Our week has been filled with meetings with local church leaders and ministry workers. Mega-Cities has provided us with several contacts including several churches in our side of the city and a local slum ministry. We spent Friday morning at a local slum close to where we live. We were led by Max and his team. Max is a young Asian man, with a prominent acne problem. He looks almost comical, like an Asian hobbit. He stands a little more than five feet tall with a little poney-tail hodling his black hair at the very top of his head. His feet, which I noticed while we were resting at the end of the day, are thin, talon like nobs which look more like fingers than toes. Regardless of his funny appearance, Max leads well. He tells us what we are to do once we get into the slum and has confidence in what he does.
The day in the slum began with us making our way through some very narrow and dark passages in the East part of the city. The neighborhood itself is tucked in from City J's main streets. The homes here are very small and the walkways through this little residential area are cramped and filled with pieces of garbage and refuse that the neighbors leave. I have seen poorer communities like those families who live on the trash mounds of Tijuana Mexico but they are still obviously poor.
A local woman invited us into her house, the first thing we arrived. She took us into her tiny little room of a house where she tried to make all fourteen of us comfortable. We all sat closely to one another, legs folded, as we went over the agenda for the day. The people of the neighborhood, brought donuts or rather a pastry-type food that they called donuts and clean water for us to drink. Max tells us we're here to do three things. One, is to work with some of the children of the neighborhood, the second is to help with a Christian doctor who makes visits here to reguarly check up on the children in the area, and the third is to clean all the trash and refuse lying in the corridors between the houses.

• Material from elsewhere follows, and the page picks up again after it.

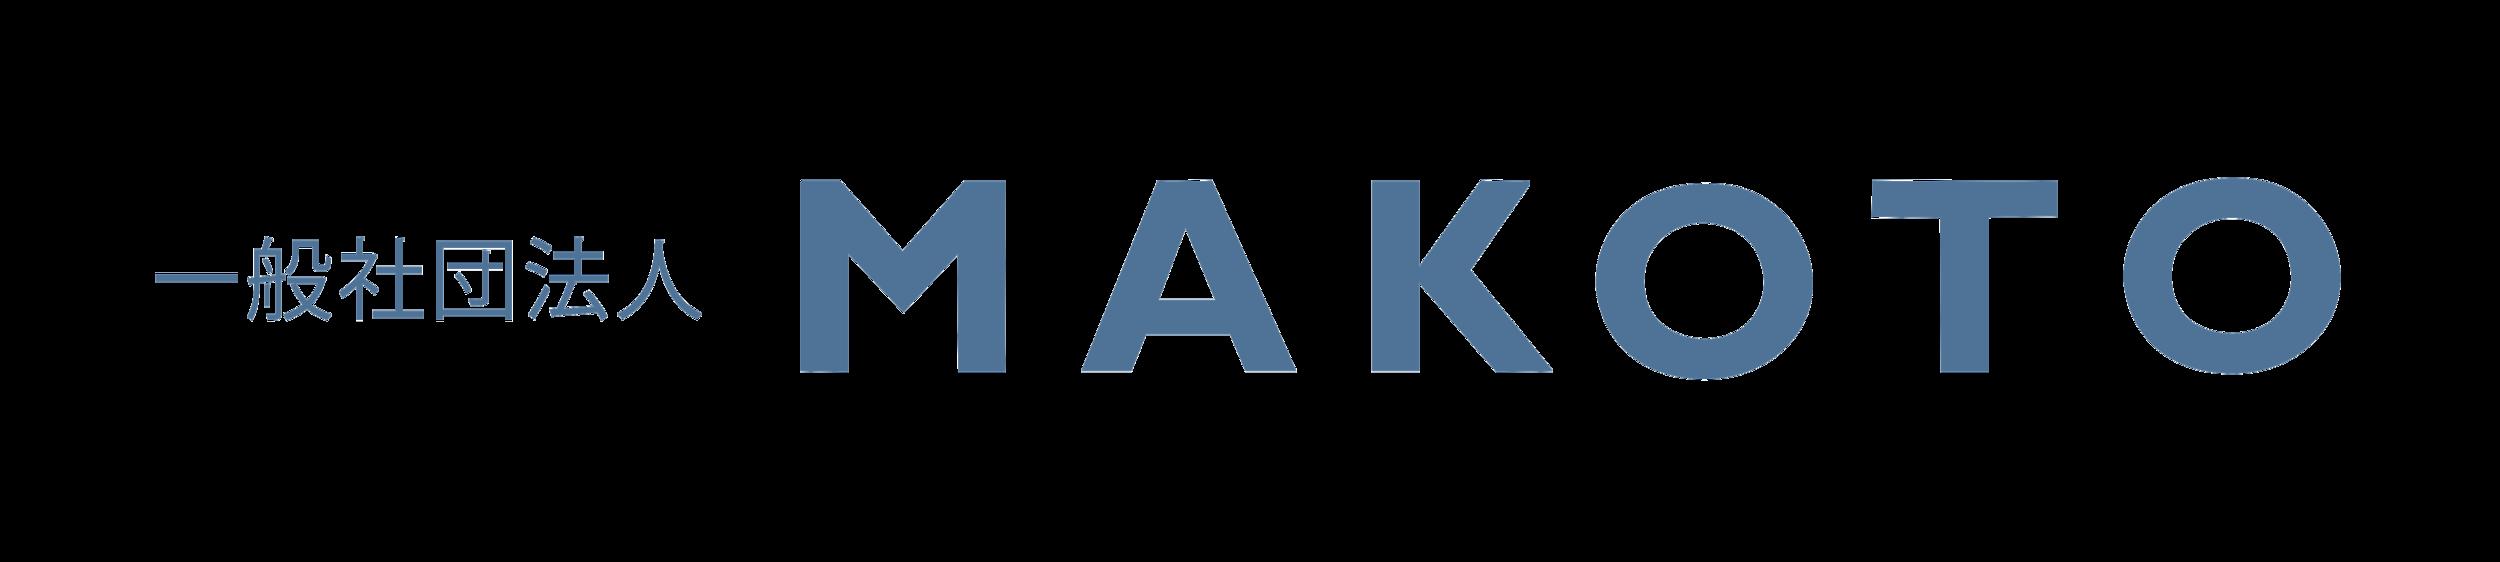 MAKOTO Logo Original (1) vector.png

I help clean the trash while simultaneously video-recording all of our progress as we follow Max's volunteers who show us where we should clean. I get in there right away, I take the trash with one barehand and throw it into my clear plastic bag, feeling the wet and sometimes slimy trash on my fingers. We did this for an hour or so, greeting the curious on-lookers and neighbors with Salamat Pagi! (Good morning!) They're very interested in us. They surround us to see who are these white people in the neighborhood. Everyone's friendly. The children play with us or shyly look at us from a distance. Everyone laughs as I come out from one of the houses and bump my head on a low ceiling, just above the door.